There’s a checkers game in there. Checkers is pretty alright.
So should Intellivision Lives! be a part of a video game library? The typical answer to this should go something like “it’s a time capsule of Gaming History, warts and all”, but I feel that that does a disservice to the Intellivision. Yes, there are warts on this collection, but somehow the emulation produced even more warts (and it has nothing to do with Frog Bog [mostly]). This is, technically, a collection of a system’s greatest hits, but it’s more like… hm… anybody remember Herman’s Hermits? They weren’t the best band to come out of the UK in the 1960’s, but they were pretty alright, and are indisputably part of Pop Music History. This game is a collection of Herman’s Hermits’ hits… but sung by a random dude in the shower. Is it the same as the original? Hell no. Does it make everything seem much worse? Oh my yes.
That is Intellivision Lives! It makes everything worse.
FGC #124 Intellivision Lives!
- System: Gamecube for the review, but also Nintendo DS, PS2, and Xbox. Technically, this is also available on Xbox 360 in various ways.
- Number of players: Two… sometimes absolutely required.
- Port o’ Call: I feel like I should go find the Nintendo DS version, as that was released later, included a few more games, and, I’m hoping, had a better overall presentation. Like, it couldn’t tolerate the “needs two controllers” hijinks… right?
- Favorite Intellivision Game: I guess it’s Astrosmash, which is basically a combination of Space Invaders and Asteroids. It seems like something that would be kinda fun on a cell phone or similar “play for five seconds” type of game. Of course, Intellivision Lives! ruins it by asking the player to achieve a score that would require at least ten minutes of pure monotony.

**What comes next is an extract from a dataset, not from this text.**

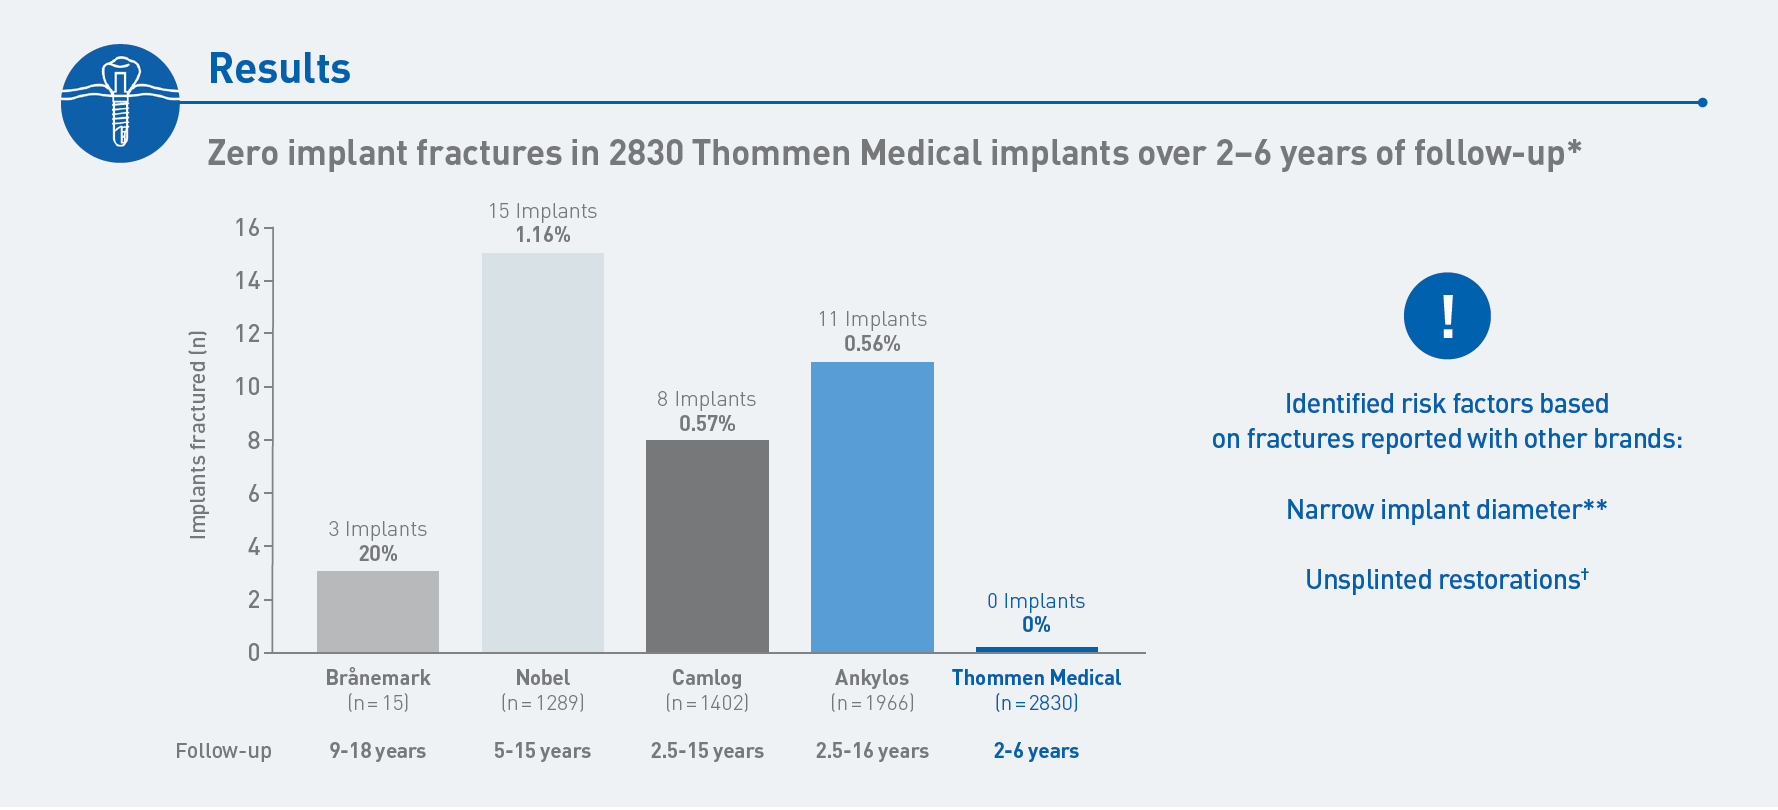 Zero implant fractures in 2830 Thommen Medical implants over 2–6 years of follow-up*

- Library Alternative: There’s an Intellivision Flashback Classic Console, which is a tiny console with two real-sized, “original” Intellivision controllers. Since a number of issues with this collection arise from porting Intellivision’s numberpad to modern controllers, I want to guess that the Flashback would be a much better way to experience the library. I’ve had too much Intellivision in my life to try, though.
- Speaking of…: I actually own an Intellivision, but I’ve never actually tested it to see if it functions. I found it in a “hidden compartment” of a bookcase I fished out of a neighbor’s trash. I’m not proud.
- Did you know? The Intellivision was the first gaming system to have its own, built-in font. Interestingly, a number of developers kind of hated it, and did their best to work around it. Some people are never happy.
- Would I play again: No. I want to say that, technically, this is my least favorite Gamecube game by a large margin. I’ve regretted owning this game practically from the first time I popped it in. If I were capable of getting rid of anything, this is where I’d start.
What’s next? Random ROB has chosen… Sonic Rivals for the PSP! Oh boy! Blue Hedgehog is going to fight Black Hedgehog and White Hedgehog! Please look forward to it!